Figure 3.

Expression of key adipogenic and cell cycle (C/EBPα and G0S2) proteins in proliferating human subcutaneous preadipocytes during coculture with monocytes and subsequent terminal differentiation. (a) Gene expression of C/EBPβ, C/EBPα, PPARγ, and G0S2 by real-time PCR in preadipocytes during coculture with monocytes for up to 5 days. The fold change expression of each gene in preadipocytes compares coculture with monocytes to culture with control media after normalization to an internal control (GAPDH) using the 2^−ΔΔCt calculation for relative expression. Data are from one experiment done in duplicate representative of three independent experiments, error bars are means ± s.e.m. (b) Western blot of C/EBPβ, C/EBPα, and G0S2 in preadipocytes at the 5-day time point during coculture with monocytes. The two bands for C/EBPβ represent the two isoforms for this protein at ~36 kDa. PPARγ was probed for but not detected.
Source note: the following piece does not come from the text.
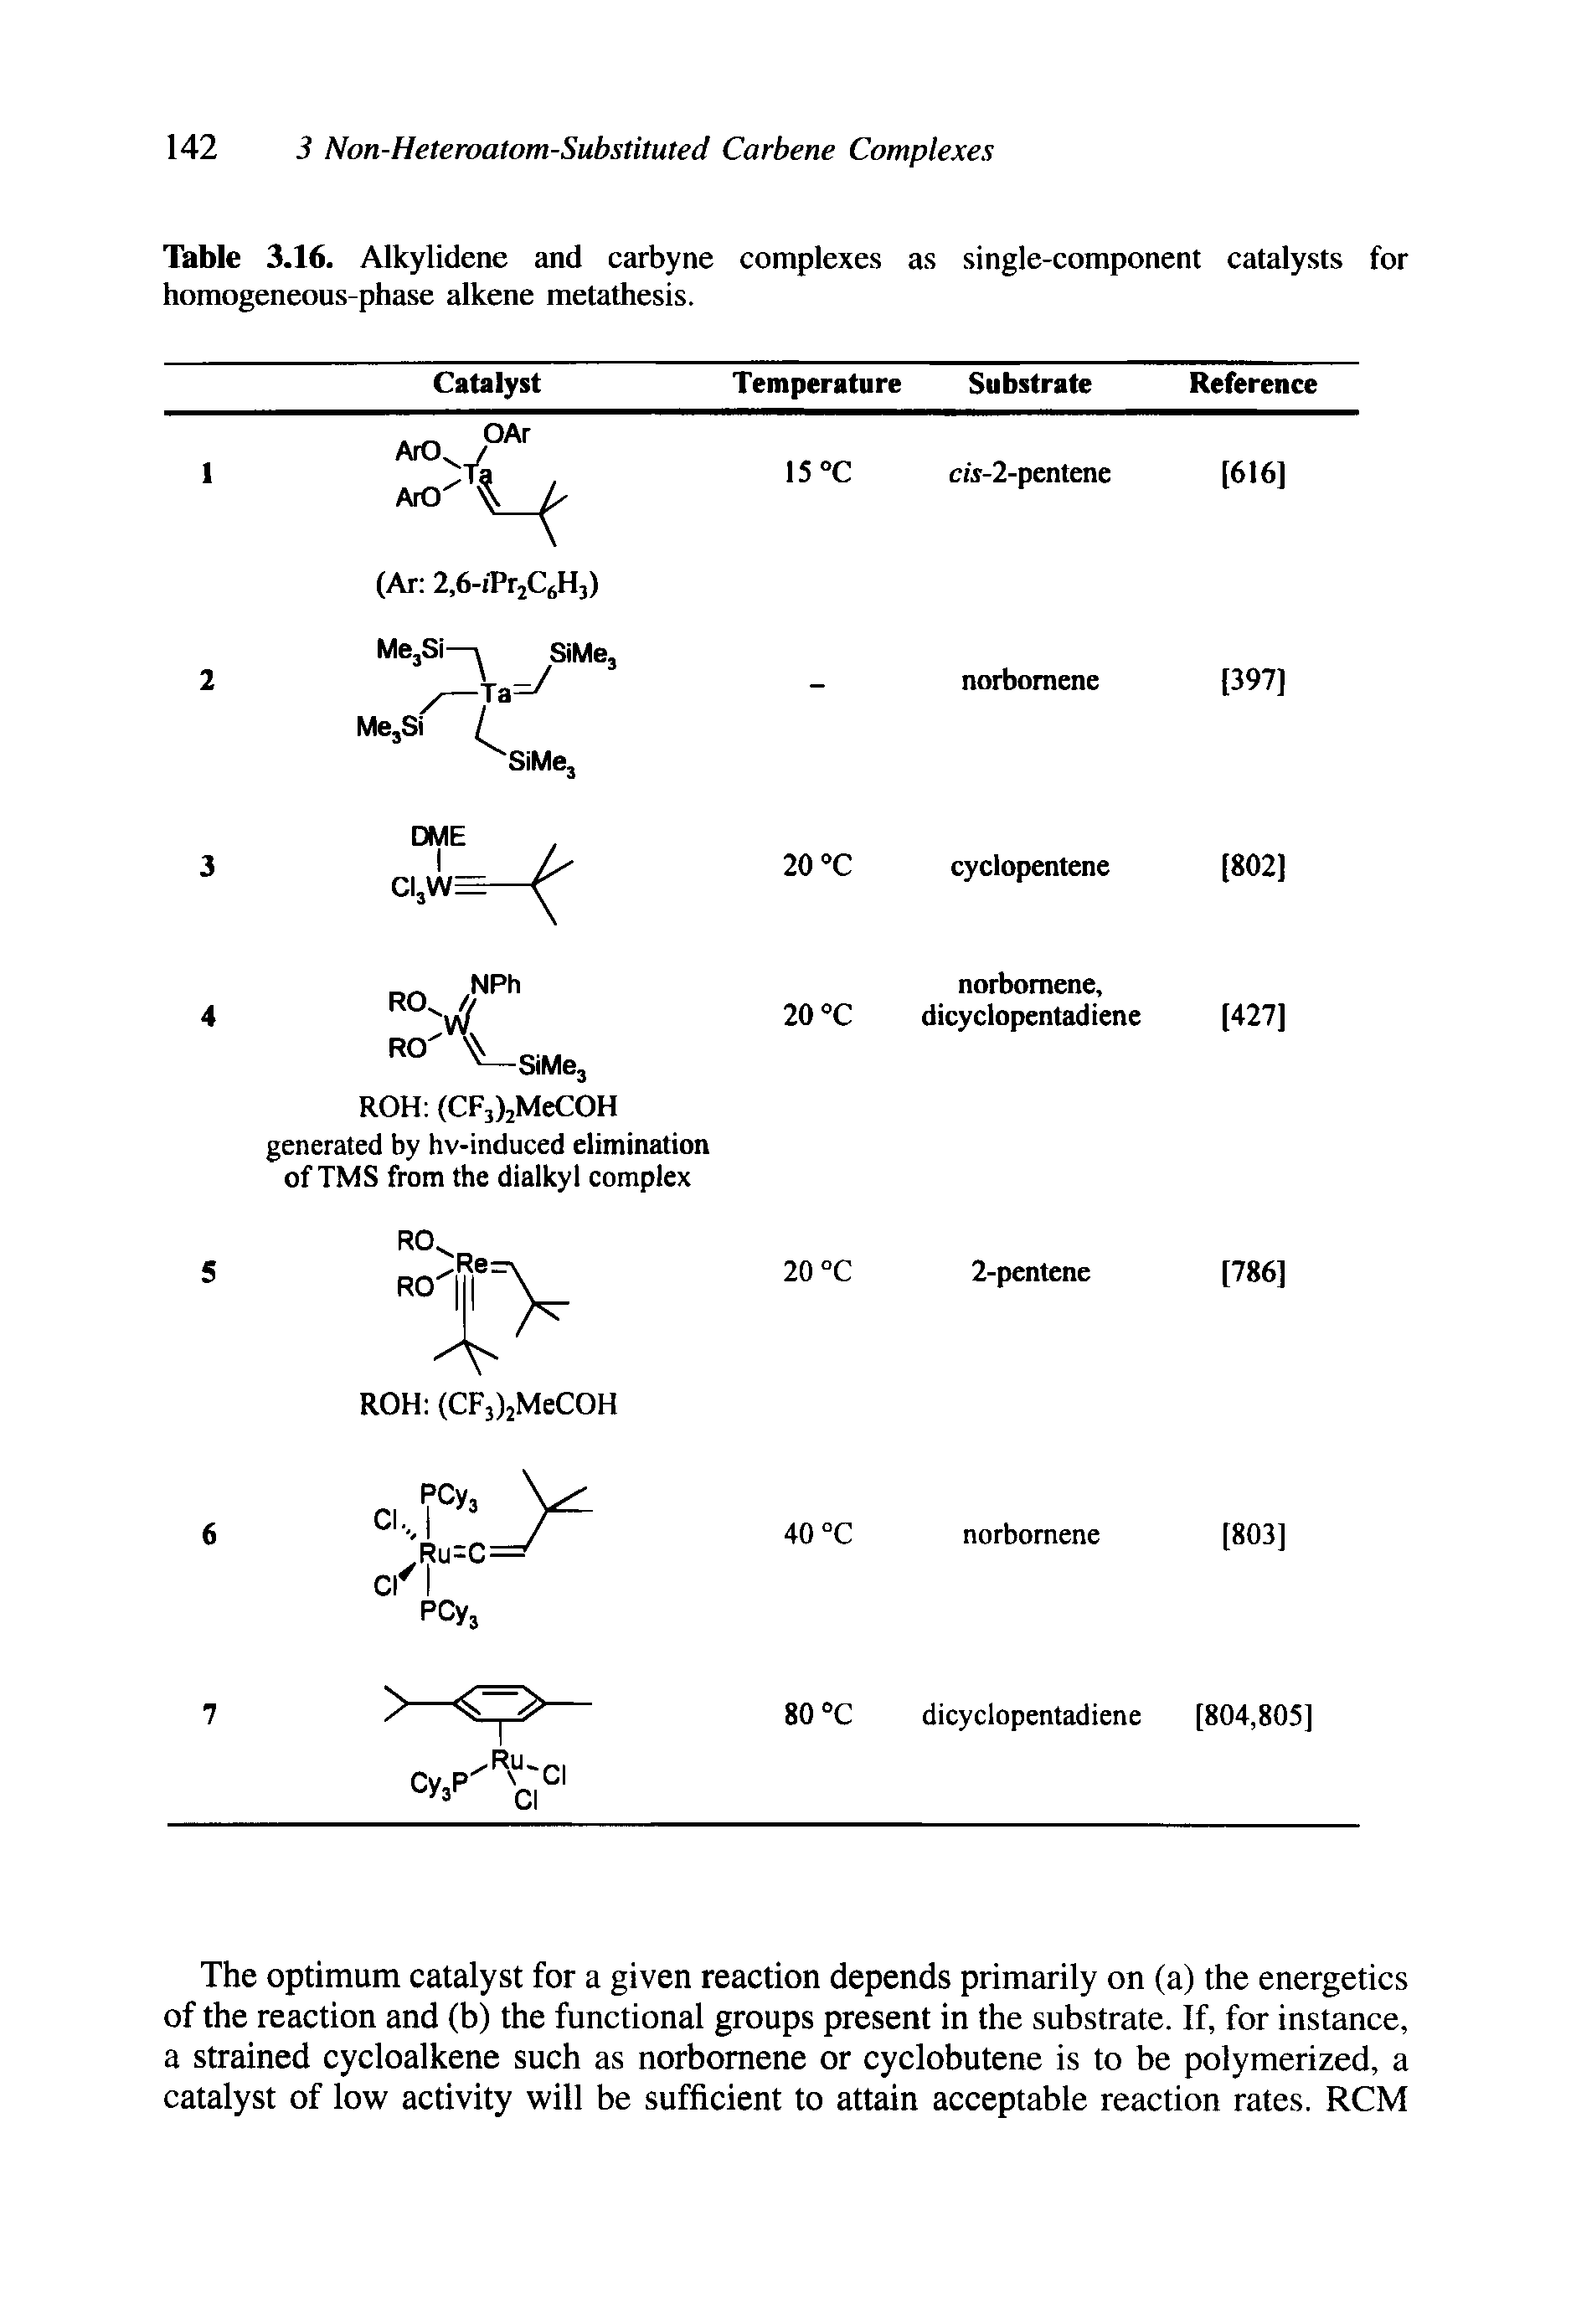 Table 3.16. Alkylidene and carbyne complexes as single-component catalysts for homogeneous-phase alkene metathesis.

Densitometry of blots was normalized to actin loading control. (c) Representative phase contrast microscopy images (×40) of preadipocyte confluency after 5 days of coculture with monocytes just prior to hormonal induction of differentiation. (d) Representative phase contrast microscopy images (×40) of Oil Red O-stained adipocytes after 2 weeks of preadipocyte differentiation following 5 days of preadipocyte coculture with monocytes (i.e., after 5 days of coculture with preadipocytes, monocytes were removed and preadipocytes were differentiated in the absence of monocytes). Error bars are means ± s.d. of pixel intensity quantification of four images per condition from one experiment representative of three. *P < 0.05 compared to control media. C/EBPβ, CCAAT/enhancer binding protein (C/EBP), beta; PPARγ, peroxisome proliferator-activated receptor gamma 2; C/EBPα, CCAAT/enhancer binding protein (C/EBP), alpha; G0S2, G0/G1 switch 2.